Ли-Шери поднесла прядь волос к глазам. Потом, словно для сравнения, она приблизилась к Бернарду, сидевшему напротив, и внимательно изучила один из его кудрявых вихров. Волосы большинства рыжих имеют оранжевый оттенок, но шевелюра Бернарда была огненно-красной. Красный – первый цвет спектра и последний, который доступен глазу умирающего. Это был истинно красный цвет, и он пожарной сиреной ревел над головами Бернарда Мики Рэнгла и принцессы Ли-Шери.
Далее последовала пауза, напряженная и неловкая, которую в конце концов нарушил резкий звук расстегивающейся молнии: Бернард внезапно сунул руку в штаны, проворным жестом шаловливого мальчугана выдернул один волосок и торжествующе поднял его вверх.

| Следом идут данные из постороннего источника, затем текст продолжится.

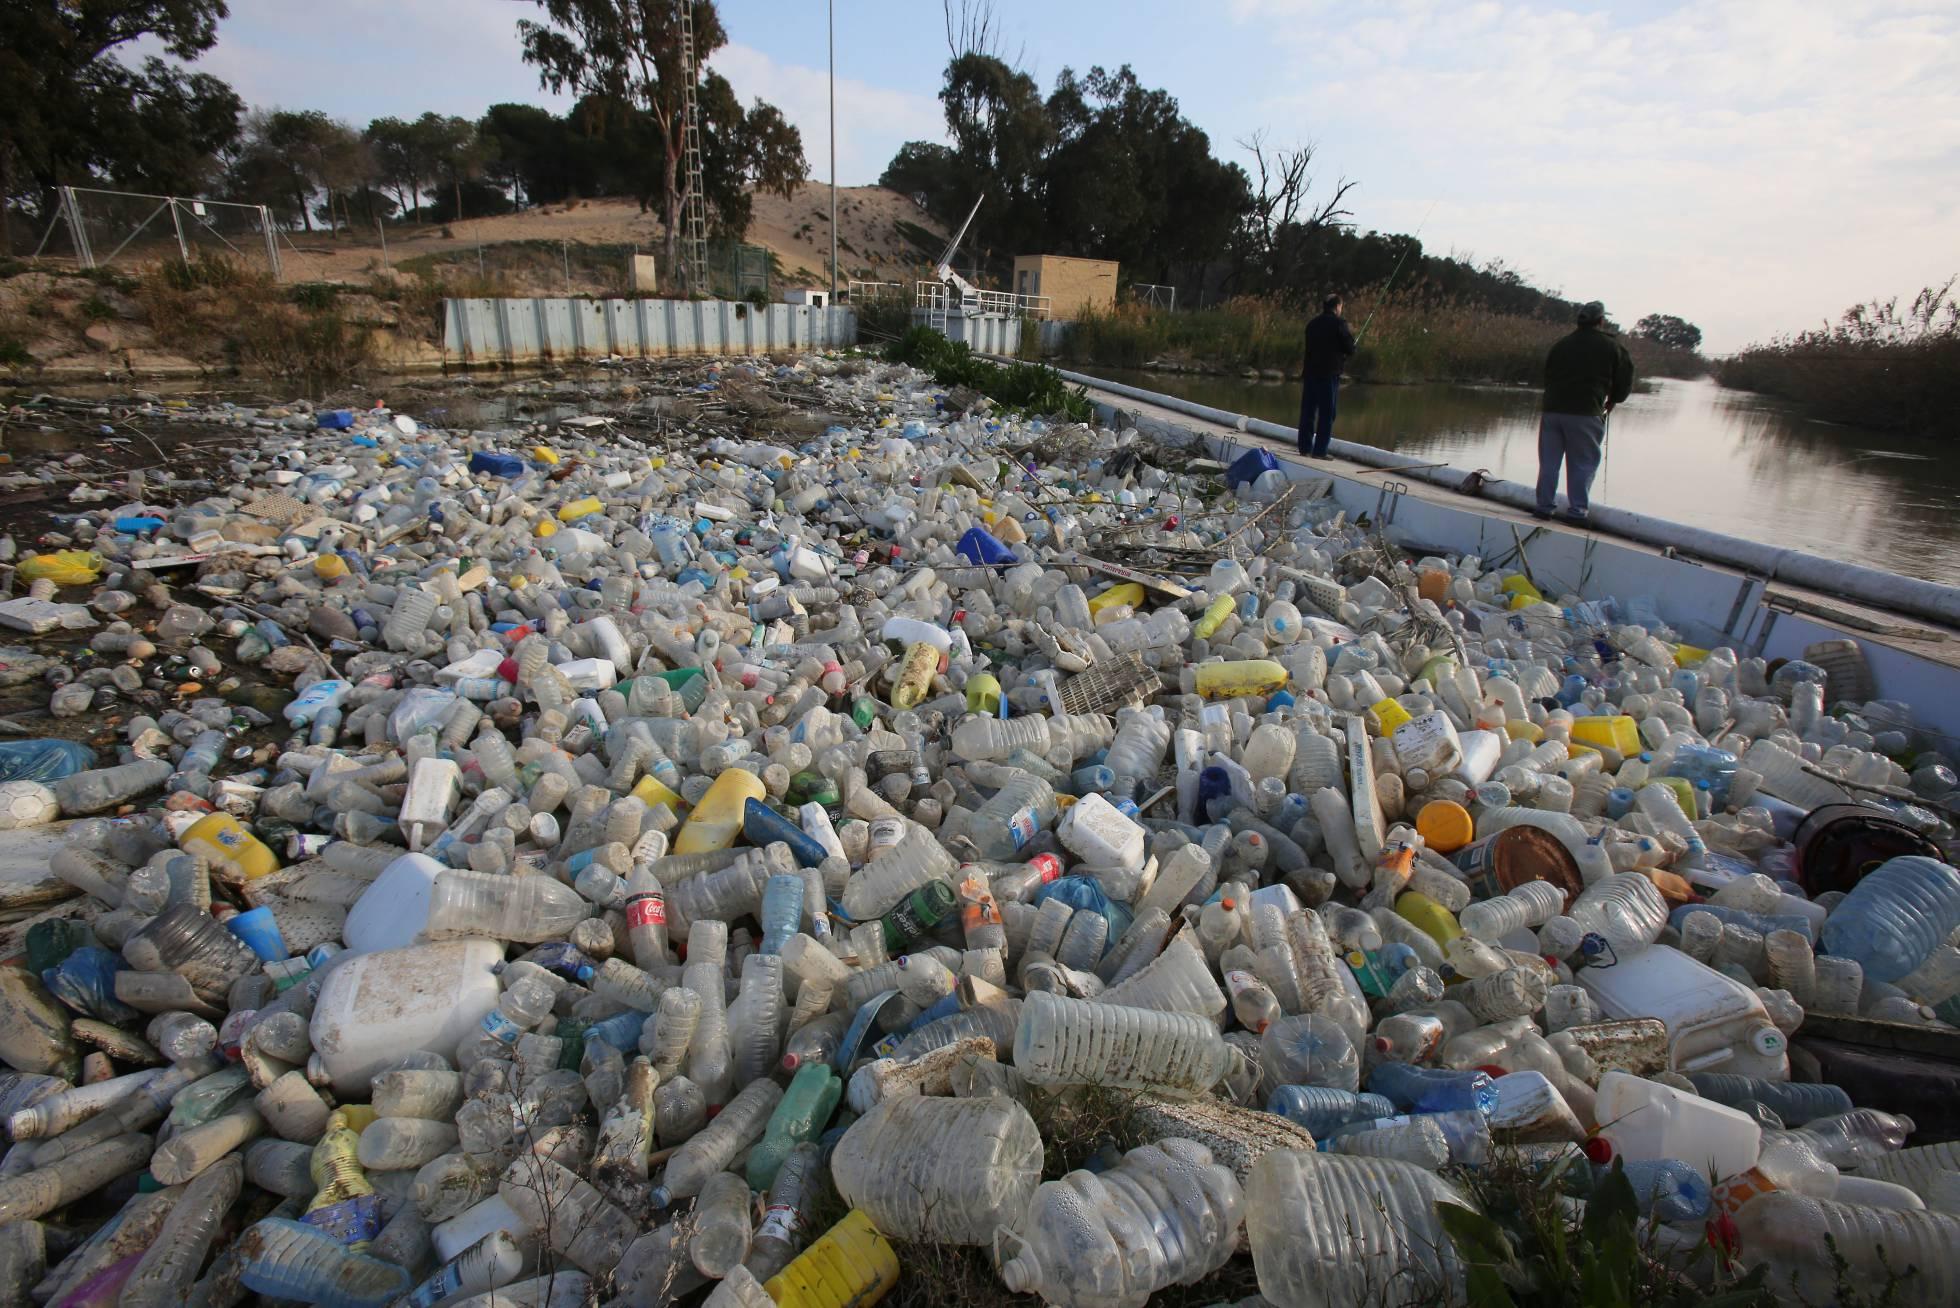 Cientos de recipientes de plástico se acumulan el el cauce viejo del Segura. Joaquín de Haro

Волосок пылал, будто медная нить накаливания.
– У тебя есть что-нибудь против этого? – бросил вызов Дятел.
О'кей, приятель. О'кейо'кейо'кейо'кейо'кейо'кей. Опустив руку под стол, на котором лежала карта Гавайев с лишними атоллами, принцесса пошарила в глубинах юбки. Ее пальцы скользнули вверх по бедру к трусикам и выполнили какие-то сложные движения. Ли-Шери дернула. Ай! Черт, больно. Принцесса дернула еще раз. Оп-ля! В ее руке красовался жесткий и кучерявый волосок, красный, как нитка из знамени социализма.
– Что скажешь? – весело спросила она и только тут заметила, что на кончике волоска, будто лягушачья икринка, предательски повисла крошечная капля вязкой жидкости. О Господи, нет! Ладонь принцессы, сжимавшая туалетную бумагу, вдруг ослабела. Комок, кружась, полетел на пол, точно раненая голубка. Щеки Ли-Шери стали такого же цвета, как ее волосы, даже еще алее. Она чуть не умерла со стыда.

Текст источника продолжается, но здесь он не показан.